Extracted data entries:

+ + + +

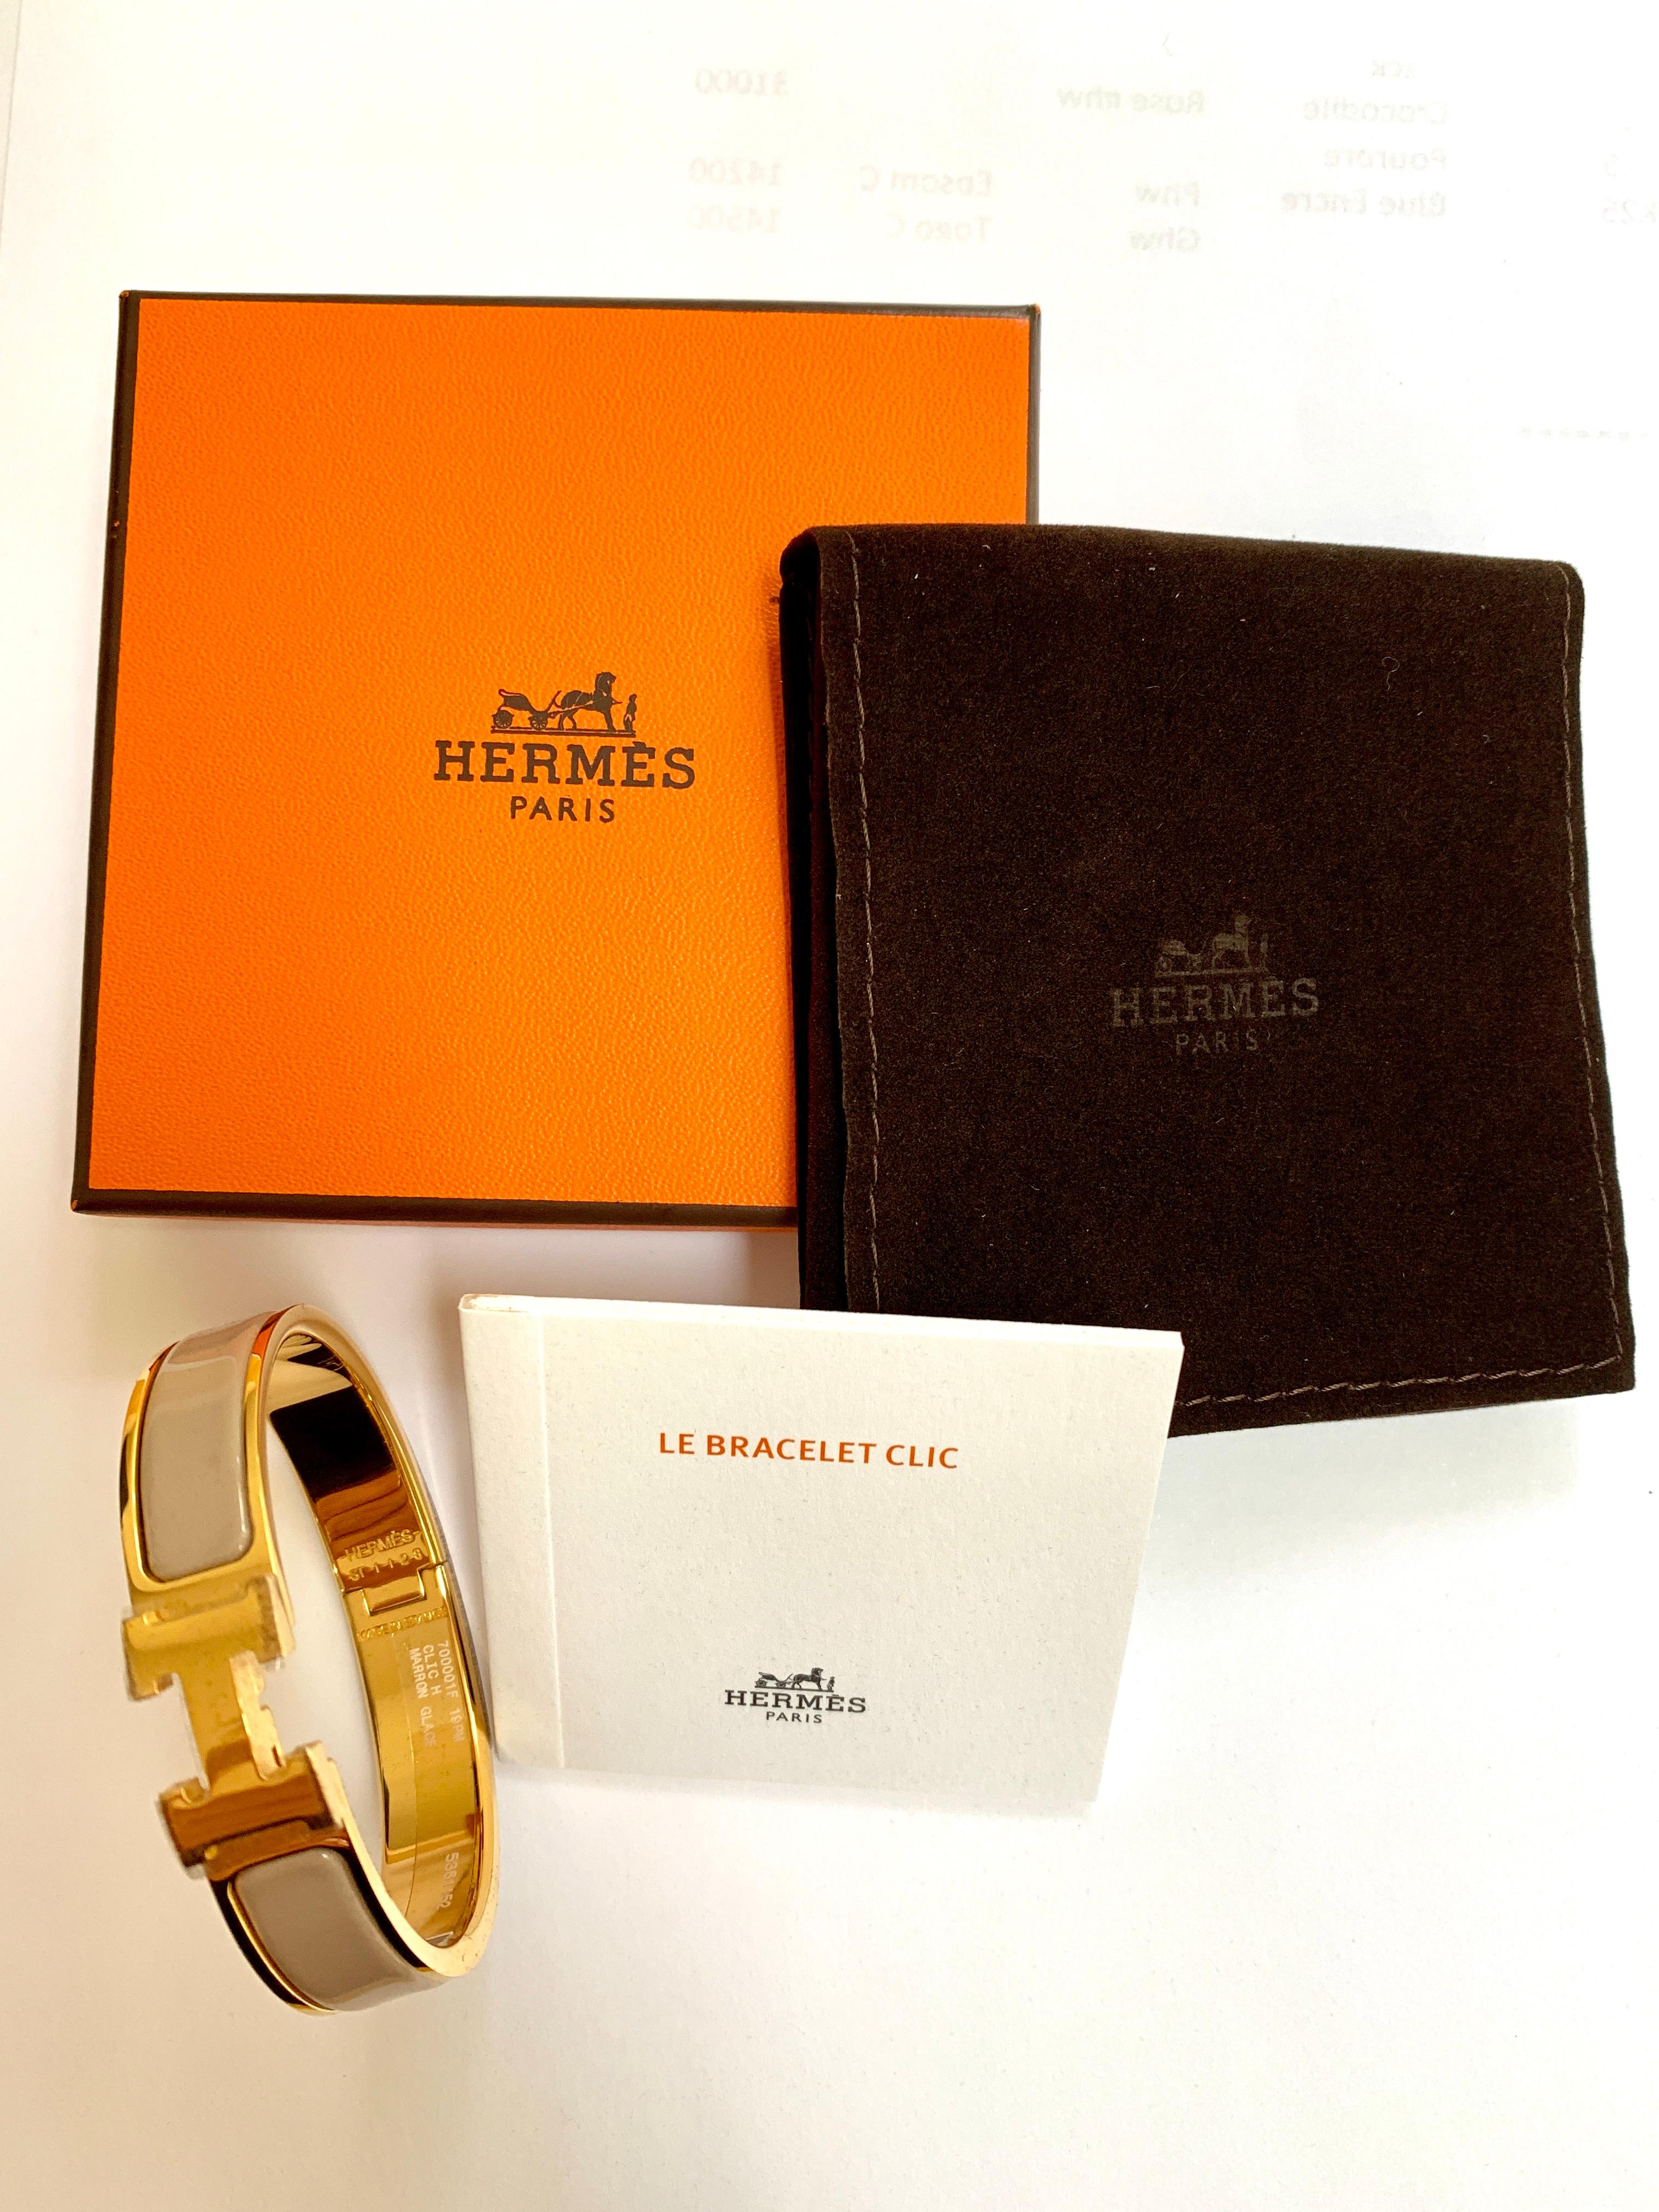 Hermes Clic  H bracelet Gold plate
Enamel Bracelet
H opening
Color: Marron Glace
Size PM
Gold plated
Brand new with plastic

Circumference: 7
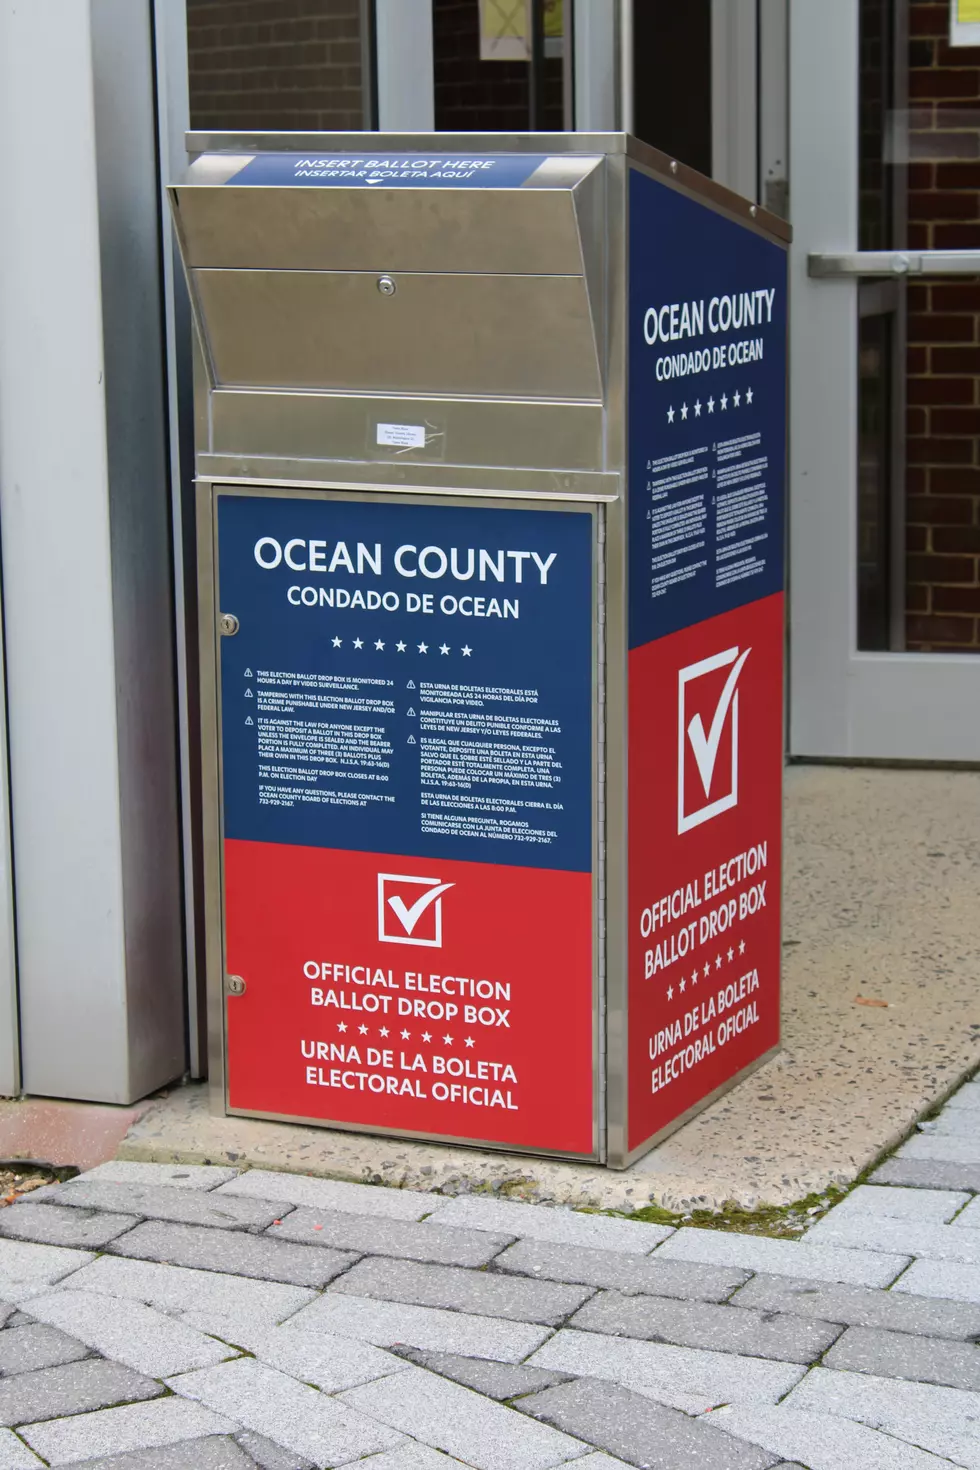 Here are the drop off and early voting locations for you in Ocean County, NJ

+ + + +

WHAT IS BEING ASKED: Output a verbatim copy of the lines from the line containing "Color: Marron Glace" through the end of the data, both included, without any images.

EXPECTED ANSWER:
Color: Marron Glace
Size PM
Gold plated
Brand new with plastic

Circumference: 7
 Here are the drop off and early voting locations for you in Ocean County, NJ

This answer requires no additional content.